Massachusetts General Hospital/PNAS
Being able to make blood vessels in the lab from a patient’s own cells could mean better treatments for cardiovascular disease, kidney disease and diabetes. In 2011, the head of California-based Cytograft Tissue Engineering reported progress in a study where three end-stage kidney disease patients were implanted with blood vessels bioengineered in the lab.

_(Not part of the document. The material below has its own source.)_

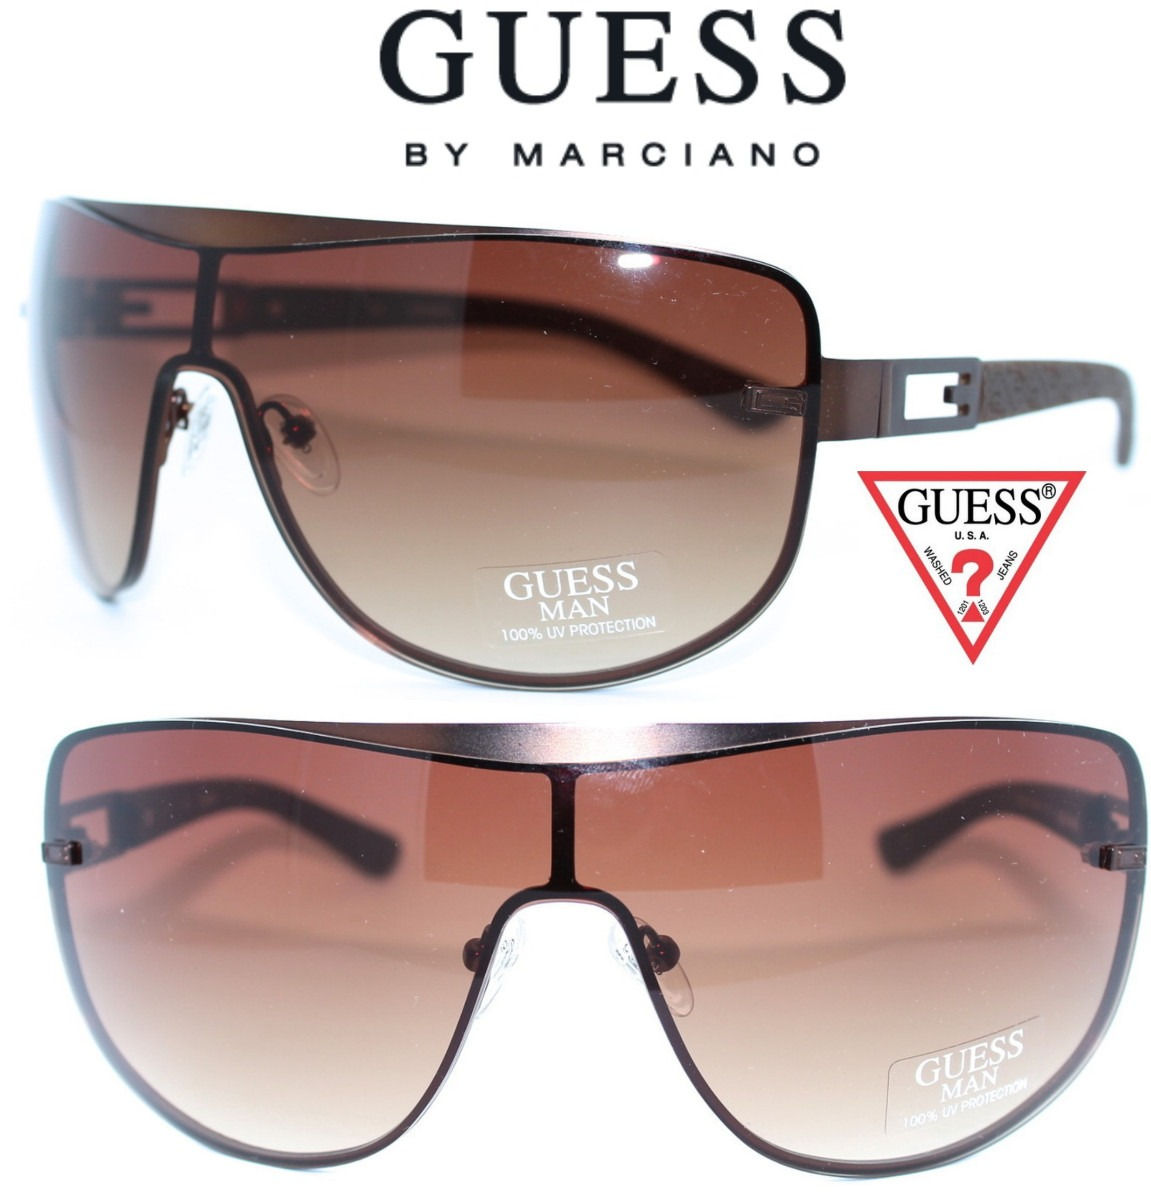 225c60e674 Gafas De Sol Guess Mujer 2017 likr.es

After eight months the grafts continued to work well, easing access to dialysis. Then this month a team at Massachusetts General Hospital found a way to encourage stem-like cells to develop into vascular precursor cells, a key step on the way to becoming blood vessel cells. They generated long-lasting blood vessels in living mice.
Ott Lab / Massachusetts General Hospital
Artificial heart devices have been surgically implanted since the 1980s, but no device has been able to replace the human heart as effectively as a healthy biological one. After all, a human heart pumps 35 million times in a single year. Recently scientists have made advances in adding more biological material to artificial heart devices. In May the French company Carmat prepared to test an artificial device containing cow heart tissue. At Massachusetts General Hospital, surgeon Harald C. Ott and his team are working on a bioartificial heart scaffold while MIT researchers recently printed functional heart tissue from rodent cells.
Wake Forest University Baptist Medical Center
Bioengineers are working on it, but the liver is one of the largest, most challenging organs to recreate. In 2010 bioengineers at Wake Forest University Baptist Medical Center grew miniature livers in the lab using decellularized animal livers for the structure and human cells. This month, a team from the Yokohama City University Graduate School of Medicine published results of a study where they reprogrammed human adult skin cells, added other cell types, and got them to grow into early-stage liver “buds.” Currently the scientists can produce about 100 of them, but the study’s lead author Takanori Takebe told the Wall Street Journal that even a partial liver would require tens of thousands.
Harvard Apparatus Regenerative Technology
In April, after an international team of surgeons spent nine hours operating on her at Children's Hospital of Illinois in Peoria, 32-month old Hannah Warren became the youngest patient to ever receive a bioengineered organ. Scientists had made a windpipe for her using her own bone marrow cells. Born without a trachea, she needed help breathing, eating, drinking and talking. Harvard Bioscience created the custom scaffold and bioreactor for the experimental procedure. Sadly Hannah died on July 7 due to complications from a more recent surgery on her esophagus. Despite the high risks, bioengineers say they will continue to move ahead.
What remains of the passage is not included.